* **Brief**
Find the line that holds "A vibrant yellow", then repeat it and each line below it word for word through the end of the listing, leaving out pictures.

* **Dataset content**
• • • •

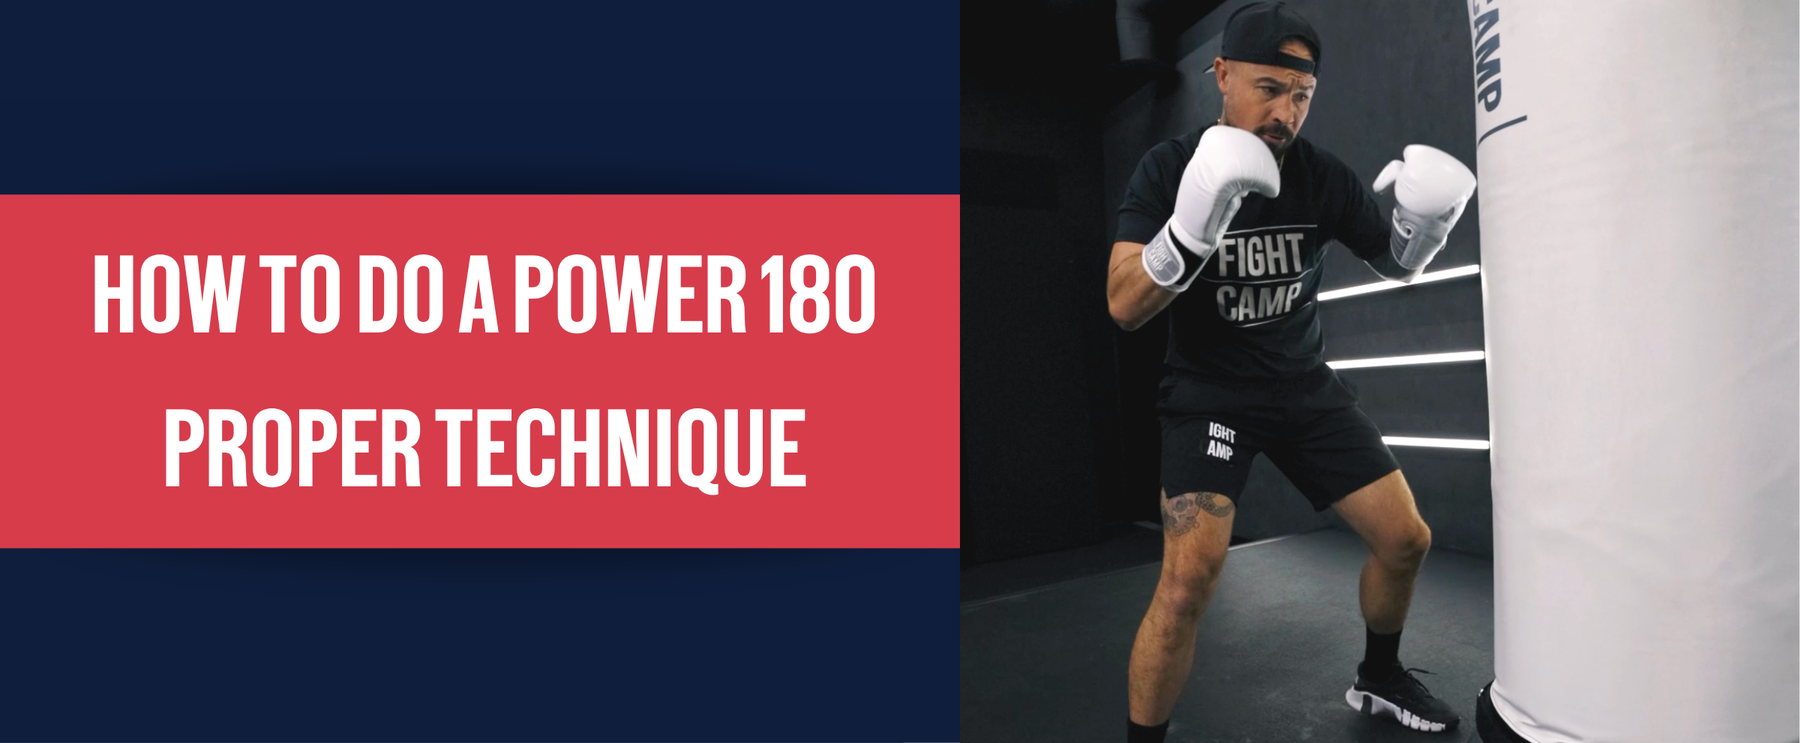 How To Do A Power 180 Boxing Drill | Proper Technique
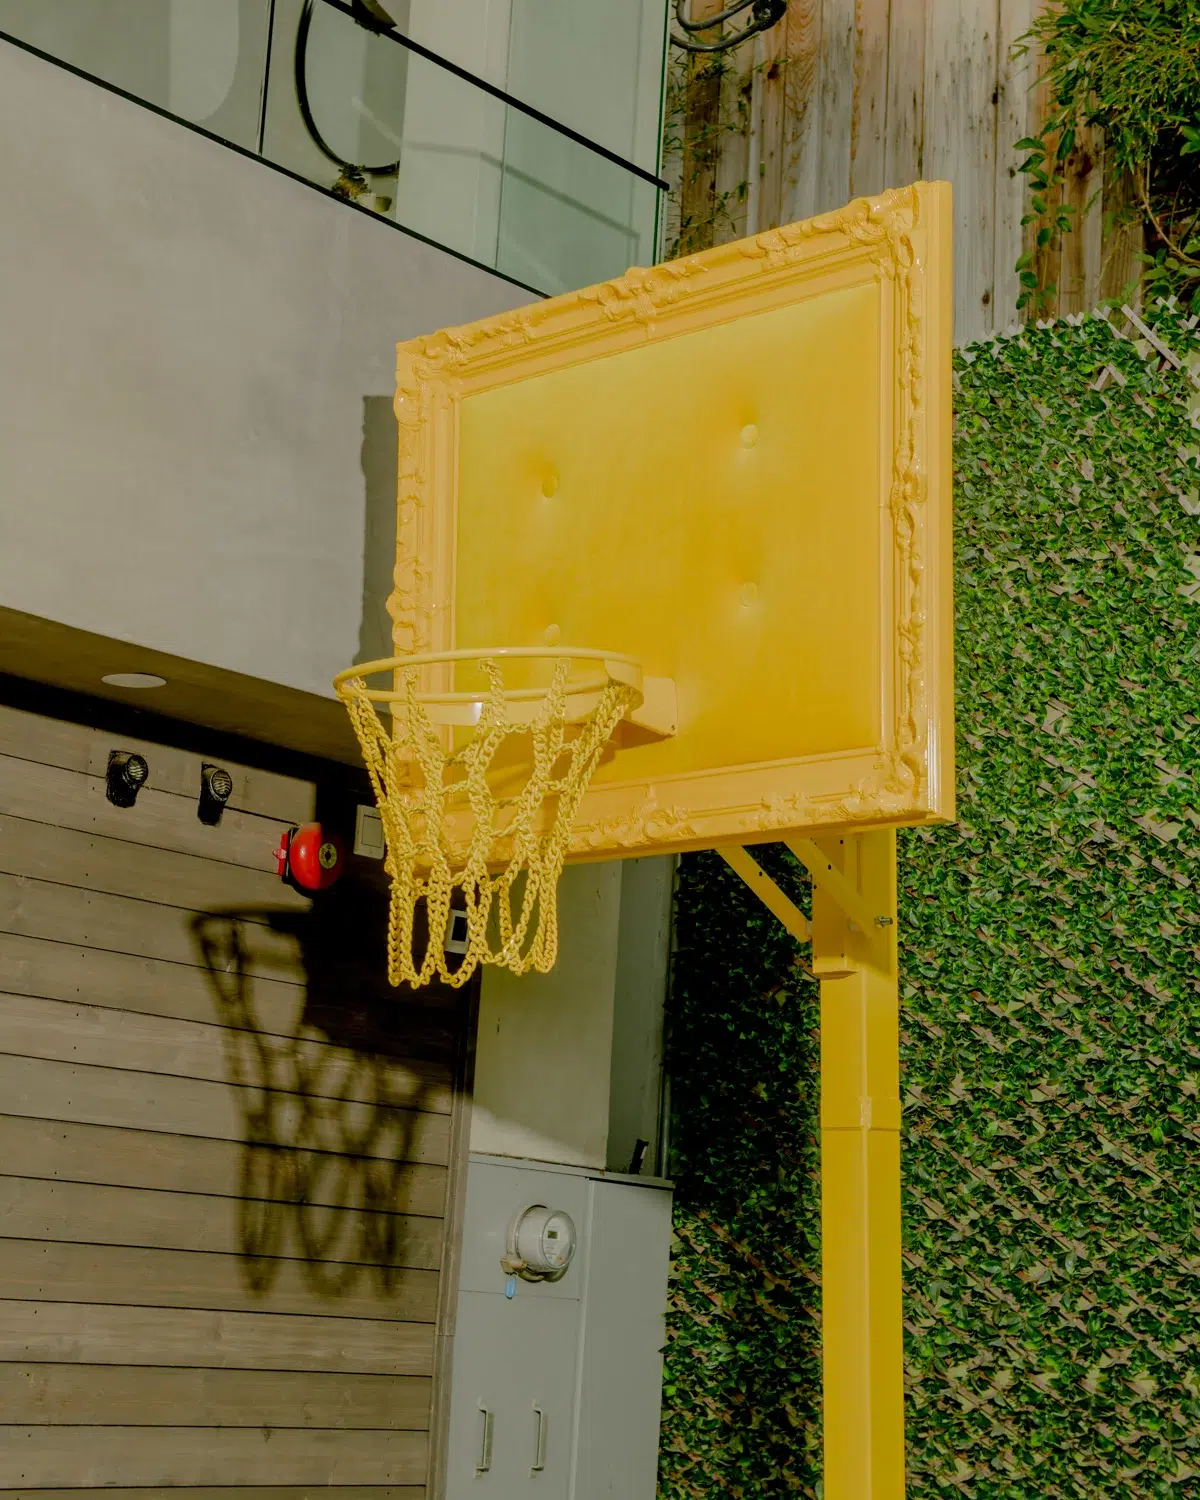 A vibrant yellow velvet hoop adorns the exterior of this house.
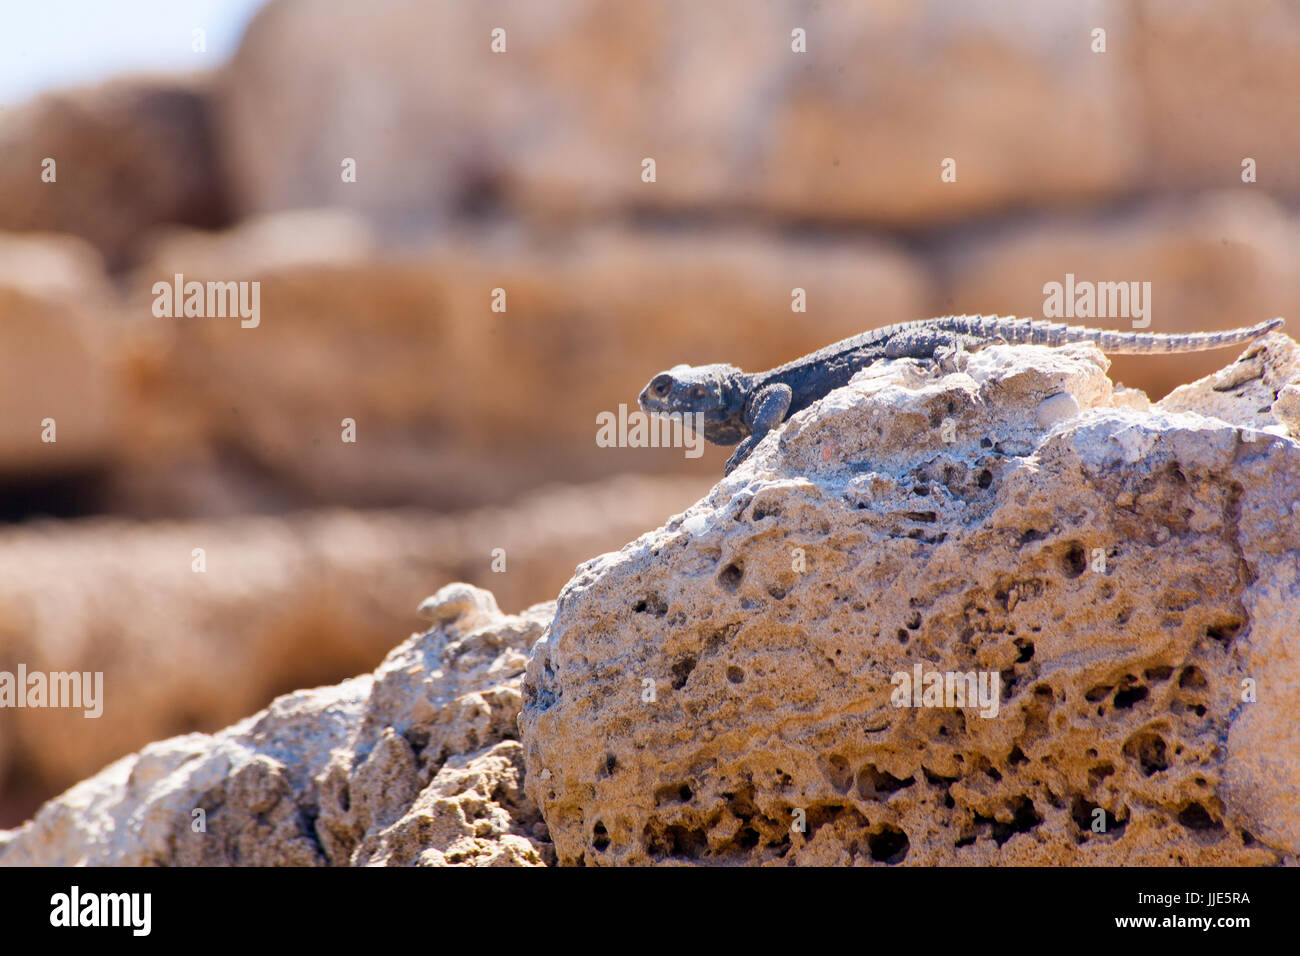 Desert lizard Side close up portrait on hot dry stones in archaeological site roman ruins in israel Stock Photo
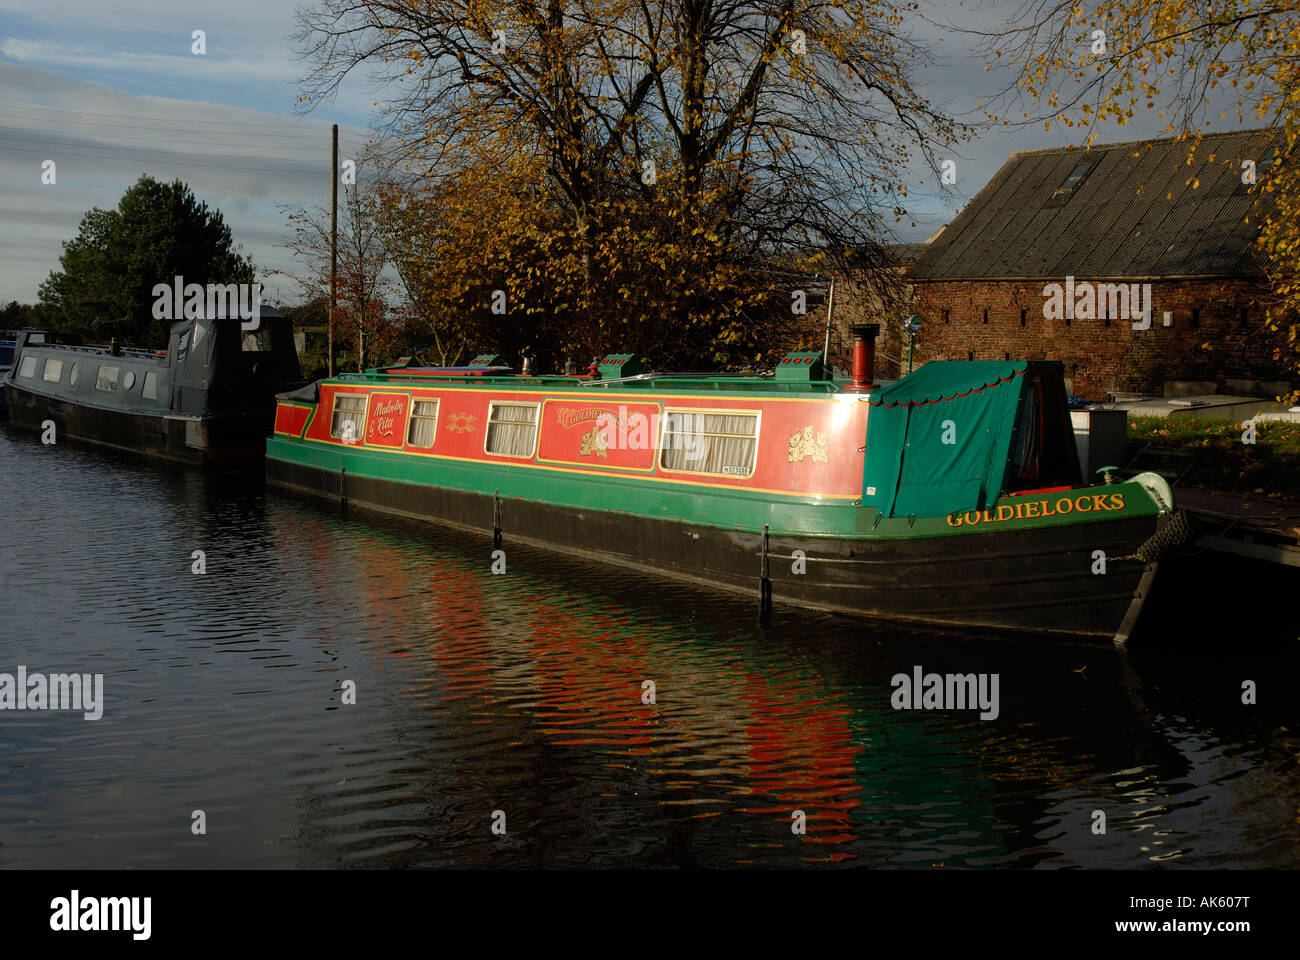 A narrowboat tied up on the Leeds Liverpool canal Stock Photo

• • • •

* **Response**
 A vibrant yellow velvet hoop adorns the exterior of this house.
 Desert lizard Side close up portrait on hot dry stones in archaeological site roman ruins in israel Stock Photo
 A narrowboat tied up on the Leeds Liverpool canal Stock Photo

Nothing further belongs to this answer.